Stored records
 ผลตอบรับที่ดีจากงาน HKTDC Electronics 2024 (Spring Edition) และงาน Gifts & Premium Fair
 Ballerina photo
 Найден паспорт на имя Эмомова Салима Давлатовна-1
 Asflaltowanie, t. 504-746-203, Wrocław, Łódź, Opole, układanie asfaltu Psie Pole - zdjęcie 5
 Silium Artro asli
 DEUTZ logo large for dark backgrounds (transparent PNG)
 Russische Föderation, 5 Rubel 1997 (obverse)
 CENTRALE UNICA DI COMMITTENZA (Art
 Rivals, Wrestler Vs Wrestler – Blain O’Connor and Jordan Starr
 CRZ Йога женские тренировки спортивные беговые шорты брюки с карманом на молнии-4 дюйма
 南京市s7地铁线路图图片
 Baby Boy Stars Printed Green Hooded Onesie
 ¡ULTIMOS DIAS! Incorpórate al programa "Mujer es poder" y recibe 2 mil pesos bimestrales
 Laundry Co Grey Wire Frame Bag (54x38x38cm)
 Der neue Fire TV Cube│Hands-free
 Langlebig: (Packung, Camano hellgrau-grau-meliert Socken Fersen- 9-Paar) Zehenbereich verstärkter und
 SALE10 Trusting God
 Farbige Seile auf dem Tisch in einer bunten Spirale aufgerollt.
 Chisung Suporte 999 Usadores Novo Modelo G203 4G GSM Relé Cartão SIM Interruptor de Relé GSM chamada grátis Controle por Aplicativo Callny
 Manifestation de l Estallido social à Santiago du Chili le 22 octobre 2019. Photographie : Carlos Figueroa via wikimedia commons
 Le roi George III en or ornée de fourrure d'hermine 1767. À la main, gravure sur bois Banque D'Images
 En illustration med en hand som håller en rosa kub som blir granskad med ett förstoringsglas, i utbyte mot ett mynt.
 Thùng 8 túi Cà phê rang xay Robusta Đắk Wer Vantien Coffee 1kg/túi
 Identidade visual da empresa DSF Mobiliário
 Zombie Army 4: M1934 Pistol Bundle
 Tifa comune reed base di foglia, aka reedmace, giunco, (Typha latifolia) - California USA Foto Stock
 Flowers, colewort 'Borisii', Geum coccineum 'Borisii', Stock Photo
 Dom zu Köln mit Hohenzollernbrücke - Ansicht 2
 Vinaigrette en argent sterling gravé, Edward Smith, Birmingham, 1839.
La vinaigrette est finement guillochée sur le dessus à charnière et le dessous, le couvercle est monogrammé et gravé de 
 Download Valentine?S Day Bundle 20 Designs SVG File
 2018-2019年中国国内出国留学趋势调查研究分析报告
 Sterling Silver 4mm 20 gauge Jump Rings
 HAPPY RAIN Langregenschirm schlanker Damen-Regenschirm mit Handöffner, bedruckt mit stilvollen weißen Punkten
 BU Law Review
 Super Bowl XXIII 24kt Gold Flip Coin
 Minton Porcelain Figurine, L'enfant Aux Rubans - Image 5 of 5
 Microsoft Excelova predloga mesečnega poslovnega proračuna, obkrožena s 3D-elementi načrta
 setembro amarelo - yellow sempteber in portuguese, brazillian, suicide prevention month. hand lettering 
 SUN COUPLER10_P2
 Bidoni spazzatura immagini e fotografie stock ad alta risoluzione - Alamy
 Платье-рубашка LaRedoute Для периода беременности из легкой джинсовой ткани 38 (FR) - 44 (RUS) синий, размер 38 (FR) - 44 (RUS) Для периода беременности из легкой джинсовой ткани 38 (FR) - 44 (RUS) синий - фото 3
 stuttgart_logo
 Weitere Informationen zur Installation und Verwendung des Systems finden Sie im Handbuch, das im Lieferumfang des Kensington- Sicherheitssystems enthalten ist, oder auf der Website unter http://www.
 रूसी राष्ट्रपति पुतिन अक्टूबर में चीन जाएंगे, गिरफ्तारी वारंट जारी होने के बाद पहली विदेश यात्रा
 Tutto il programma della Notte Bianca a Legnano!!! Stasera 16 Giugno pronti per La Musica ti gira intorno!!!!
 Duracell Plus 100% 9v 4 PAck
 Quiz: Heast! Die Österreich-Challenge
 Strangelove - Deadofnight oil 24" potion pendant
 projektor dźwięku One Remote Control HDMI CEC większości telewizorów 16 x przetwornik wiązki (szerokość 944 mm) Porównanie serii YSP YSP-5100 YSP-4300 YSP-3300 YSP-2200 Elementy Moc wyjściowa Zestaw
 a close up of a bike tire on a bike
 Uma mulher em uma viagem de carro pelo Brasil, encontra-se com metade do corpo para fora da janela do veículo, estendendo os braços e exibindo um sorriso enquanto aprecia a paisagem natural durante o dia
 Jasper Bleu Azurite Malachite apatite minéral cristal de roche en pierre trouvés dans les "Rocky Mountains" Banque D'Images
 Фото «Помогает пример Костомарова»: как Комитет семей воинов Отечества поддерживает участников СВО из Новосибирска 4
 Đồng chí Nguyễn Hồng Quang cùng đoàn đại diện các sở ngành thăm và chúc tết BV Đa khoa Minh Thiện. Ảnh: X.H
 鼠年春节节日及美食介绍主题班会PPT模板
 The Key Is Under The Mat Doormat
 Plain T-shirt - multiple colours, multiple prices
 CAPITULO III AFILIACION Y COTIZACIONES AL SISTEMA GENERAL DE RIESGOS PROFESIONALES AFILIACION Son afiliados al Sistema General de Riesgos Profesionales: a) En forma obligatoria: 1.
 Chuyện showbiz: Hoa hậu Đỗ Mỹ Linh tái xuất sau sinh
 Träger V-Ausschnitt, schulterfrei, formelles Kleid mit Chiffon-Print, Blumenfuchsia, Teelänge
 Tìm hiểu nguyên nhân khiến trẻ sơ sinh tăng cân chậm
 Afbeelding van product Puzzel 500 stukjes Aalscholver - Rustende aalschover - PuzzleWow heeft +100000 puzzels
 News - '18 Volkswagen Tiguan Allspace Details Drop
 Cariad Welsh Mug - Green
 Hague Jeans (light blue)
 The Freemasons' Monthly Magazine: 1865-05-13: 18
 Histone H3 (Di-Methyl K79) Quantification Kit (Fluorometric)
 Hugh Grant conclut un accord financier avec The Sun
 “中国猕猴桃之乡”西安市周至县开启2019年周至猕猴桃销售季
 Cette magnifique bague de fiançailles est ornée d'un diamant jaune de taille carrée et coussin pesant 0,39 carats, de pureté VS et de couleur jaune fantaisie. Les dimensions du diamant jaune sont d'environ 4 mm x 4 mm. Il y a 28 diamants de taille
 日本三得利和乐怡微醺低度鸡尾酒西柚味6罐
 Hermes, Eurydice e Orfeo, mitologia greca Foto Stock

Task to carry out: Your answer must be the records above, repeated exactly.

Finished task:
 ผลตอบรับที่ดีจากงาน HKTDC Electronics 2024 (Spring Edition) และงาน Gifts & Premium Fair
 Ballerina photo
 Найден паспорт на имя Эмомова Салима Давлатовна-1
 Asflaltowanie, t. 504-746-203, Wrocław, Łódź, Opole, układanie asfaltu Psie Pole - zdjęcie 5
 Silium Artro asli
 DEUTZ logo large for dark backgrounds (transparent PNG)
 Russische Föderation, 5 Rubel 1997 (obverse)
 CENTRALE UNICA DI COMMITTENZA (Art
 Rivals, Wrestler Vs Wrestler – Blain O’Connor and Jordan Starr
 CRZ Йога женские тренировки спортивные беговые шорты брюки с карманом на молнии-4 дюйма
 南京市s7地铁线路图图片
 Baby Boy Stars Printed Green Hooded Onesie
 ¡ULTIMOS DIAS! Incorpórate al programa "Mujer es poder" y recibe 2 mil pesos bimestrales
 Laundry Co Grey Wire Frame Bag (54x38x38cm)
 Der neue Fire TV Cube│Hands-free
 Langlebig: (Packung, Camano hellgrau-grau-meliert Socken Fersen- 9-Paar) Zehenbereich verstärkter und
 SALE10 Trusting God
 Farbige Seile auf dem Tisch in einer bunten Spirale aufgerollt.
 Chisung Suporte 999 Usadores Novo Modelo G203 4G GSM Relé Cartão SIM Interruptor de Relé GSM chamada grátis Controle por Aplicativo Callny
 Manifestation de l Estallido social à Santiago du Chili le 22 octobre 2019. Photographie : Carlos Figueroa via wikimedia commons
 Le roi George III en or ornée de fourrure d'hermine 1767. À la main, gravure sur bois Banque D'Images
 En illustration med en hand som håller en rosa kub som blir granskad med ett förstoringsglas, i utbyte mot ett mynt.
 Thùng 8 túi Cà phê rang xay Robusta Đắk Wer Vantien Coffee 1kg/túi
 Identidade visual da empresa DSF Mobiliário
 Zombie Army 4: M1934 Pistol Bundle
 Tifa comune reed base di foglia, aka reedmace, giunco, (Typha latifolia) - California USA Foto Stock
 Flowers, colewort 'Borisii', Geum coccineum 'Borisii', Stock Photo
 Dom zu Köln mit Hohenzollernbrücke - Ansicht 2
 Vinaigrette en argent sterling gravé, Edward Smith, Birmingham, 1839.
La vinaigrette est finement guillochée sur le dessus à charnière et le dessous, le couvercle est monogrammé et gravé de 
 Download Valentine?S Day Bundle 20 Designs SVG File
 2018-2019年中国国内出国留学趋势调查研究分析报告
 Sterling Silver 4mm 20 gauge Jump Rings
 HAPPY RAIN Langregenschirm schlanker Damen-Regenschirm mit Handöffner, bedruckt mit stilvollen weißen Punkten
 BU Law Review
 Super Bowl XXIII 24kt Gold Flip Coin
 Minton Porcelain Figurine, L'enfant Aux Rubans - Image 5 of 5
 Microsoft Excelova predloga mesečnega poslovnega proračuna, obkrožena s 3D-elementi načrta
 setembro amarelo - yellow sempteber in portuguese, brazillian, suicide prevention month. hand lettering 
 SUN COUPLER10_P2
 Bidoni spazzatura immagini e fotografie stock ad alta risoluzione - Alamy
 Платье-рубашка LaRedoute Для периода беременности из легкой джинсовой ткани 38 (FR) - 44 (RUS) синий, размер 38 (FR) - 44 (RUS) Для периода беременности из легкой джинсовой ткани 38 (FR) - 44 (RUS) синий - фото 3
 stuttgart_logo
 Weitere Informationen zur Installation und Verwendung des Systems finden Sie im Handbuch, das im Lieferumfang des Kensington- Sicherheitssystems enthalten ist, oder auf der Website unter http://www.
 रूसी राष्ट्रपति पुतिन अक्टूबर में चीन जाएंगे, गिरफ्तारी वारंट जारी होने के बाद पहली विदेश यात्रा
 Tutto il programma della Notte Bianca a Legnano!!! Stasera 16 Giugno pronti per La Musica ti gira intorno!!!!
 Duracell Plus 100% 9v 4 PAck
 Quiz: Heast! Die Österreich-Challenge
 Strangelove - Deadofnight oil 24" potion pendant
 projektor dźwięku One Remote Control HDMI CEC większości telewizorów 16 x przetwornik wiązki (szerokość 944 mm) Porównanie serii YSP YSP-5100 YSP-4300 YSP-3300 YSP-2200 Elementy Moc wyjściowa Zestaw
 a close up of a bike tire on a bike
 Uma mulher em uma viagem de carro pelo Brasil, encontra-se com metade do corpo para fora da janela do veículo, estendendo os braços e exibindo um sorriso enquanto aprecia a paisagem natural durante o dia
 Jasper Bleu Azurite Malachite apatite minéral cristal de roche en pierre trouvés dans les "Rocky Mountains" Banque D'Images
 Фото «Помогает пример Костомарова»: как Комитет семей воинов Отечества поддерживает участников СВО из Новосибирска 4
 Đồng chí Nguyễn Hồng Quang cùng đoàn đại diện các sở ngành thăm và chúc tết BV Đa khoa Minh Thiện. Ảnh: X.H
 鼠年春节节日及美食介绍主题班会PPT模板
 The Key Is Under The Mat Doormat
 Plain T-shirt - multiple colours, multiple prices
 CAPITULO III AFILIACION Y COTIZACIONES AL SISTEMA GENERAL DE RIESGOS PROFESIONALES AFILIACION Son afiliados al Sistema General de Riesgos Profesionales: a) En forma obligatoria: 1.
 Chuyện showbiz: Hoa hậu Đỗ Mỹ Linh tái xuất sau sinh
 Träger V-Ausschnitt, schulterfrei, formelles Kleid mit Chiffon-Print, Blumenfuchsia, Teelänge
 Tìm hiểu nguyên nhân khiến trẻ sơ sinh tăng cân chậm
 Afbeelding van product Puzzel 500 stukjes Aalscholver - Rustende aalschover - PuzzleWow heeft +100000 puzzels
 News - '18 Volkswagen Tiguan Allspace Details Drop
 Cariad Welsh Mug - Green
 Hague Jeans (light blue)
 The Freemasons' Monthly Magazine: 1865-05-13: 18
 Histone H3 (Di-Methyl K79) Quantification Kit (Fluorometric)
 Hugh Grant conclut un accord financier avec The Sun
 “中国猕猴桃之乡”西安市周至县开启2019年周至猕猴桃销售季
 Cette magnifique bague de fiançailles est ornée d'un diamant jaune de taille carrée et coussin pesant 0,39 carats, de pureté VS et de couleur jaune fantaisie. Les dimensions du diamant jaune sont d'environ 4 mm x 4 mm. Il y a 28 diamants de taille
 日本三得利和乐怡微醺低度鸡尾酒西柚味6罐
 Hermes, Eurydice e Orfeo, mitologia greca Foto Stock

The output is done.